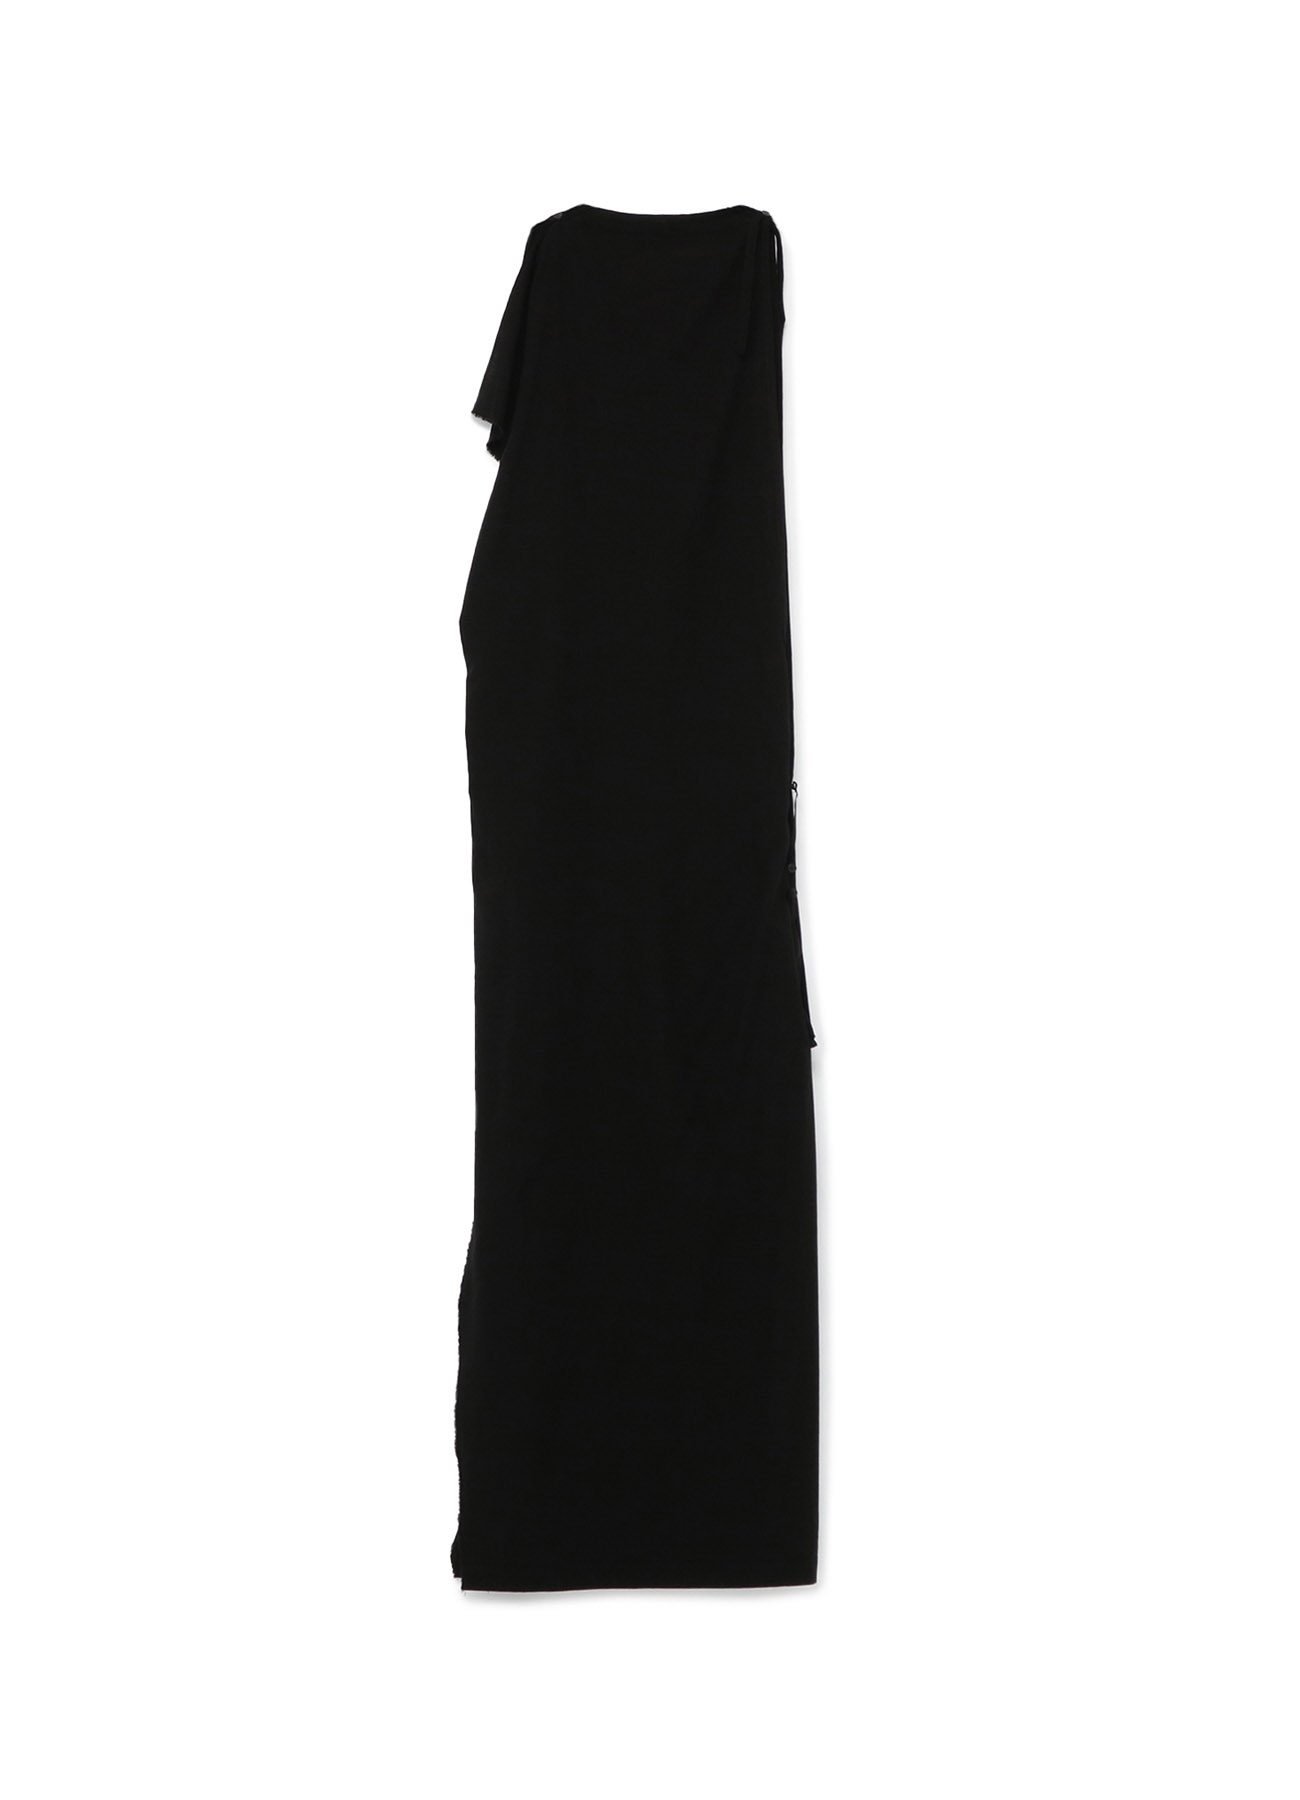 C/Li Calico A Drape Design Dress
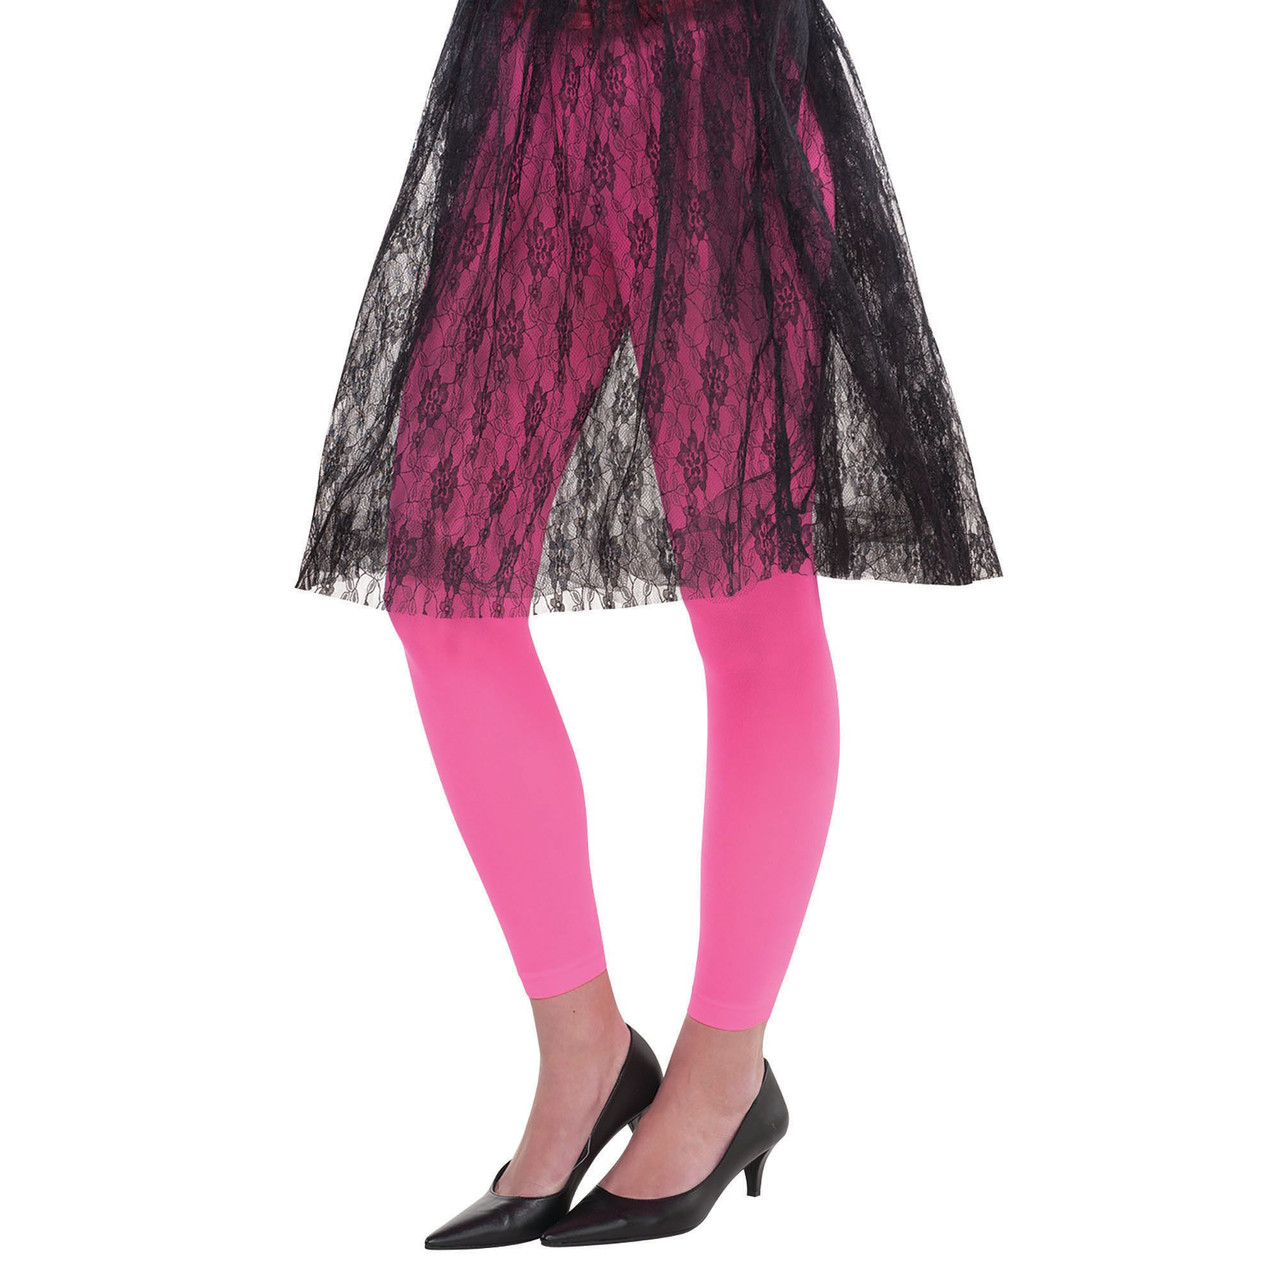 80s dress up overall dress skirt corduroy ankle boots hair make up leggings  | Beauty Chattette
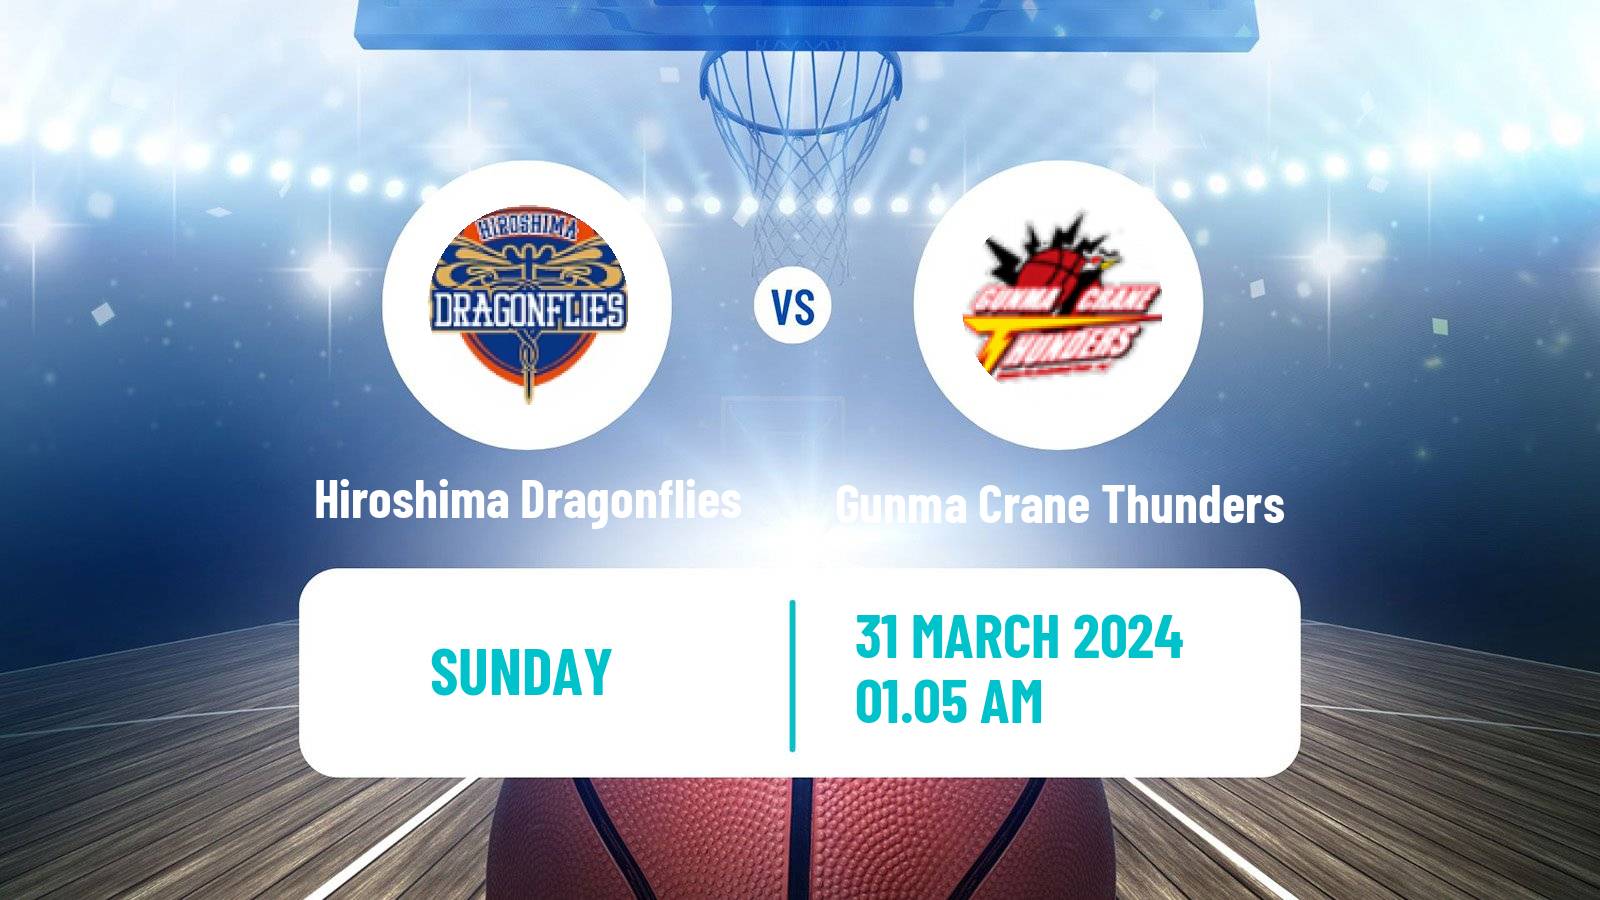 Basketball BJ League Hiroshima Dragonflies - Gunma Crane Thunders

# WHAT YOU ARE ASKED TO DO
Line by line, write out the material exactly, leaving the images out.

# FINISHED EXERCISE
 C/Li Calico A Drape Design Dress
 80s dress up overall dress skirt corduroy ankle boots hair make up leggings  | Beauty Chattette
 Basketball BJ League Hiroshima Dragonflies - Gunma Crane Thunders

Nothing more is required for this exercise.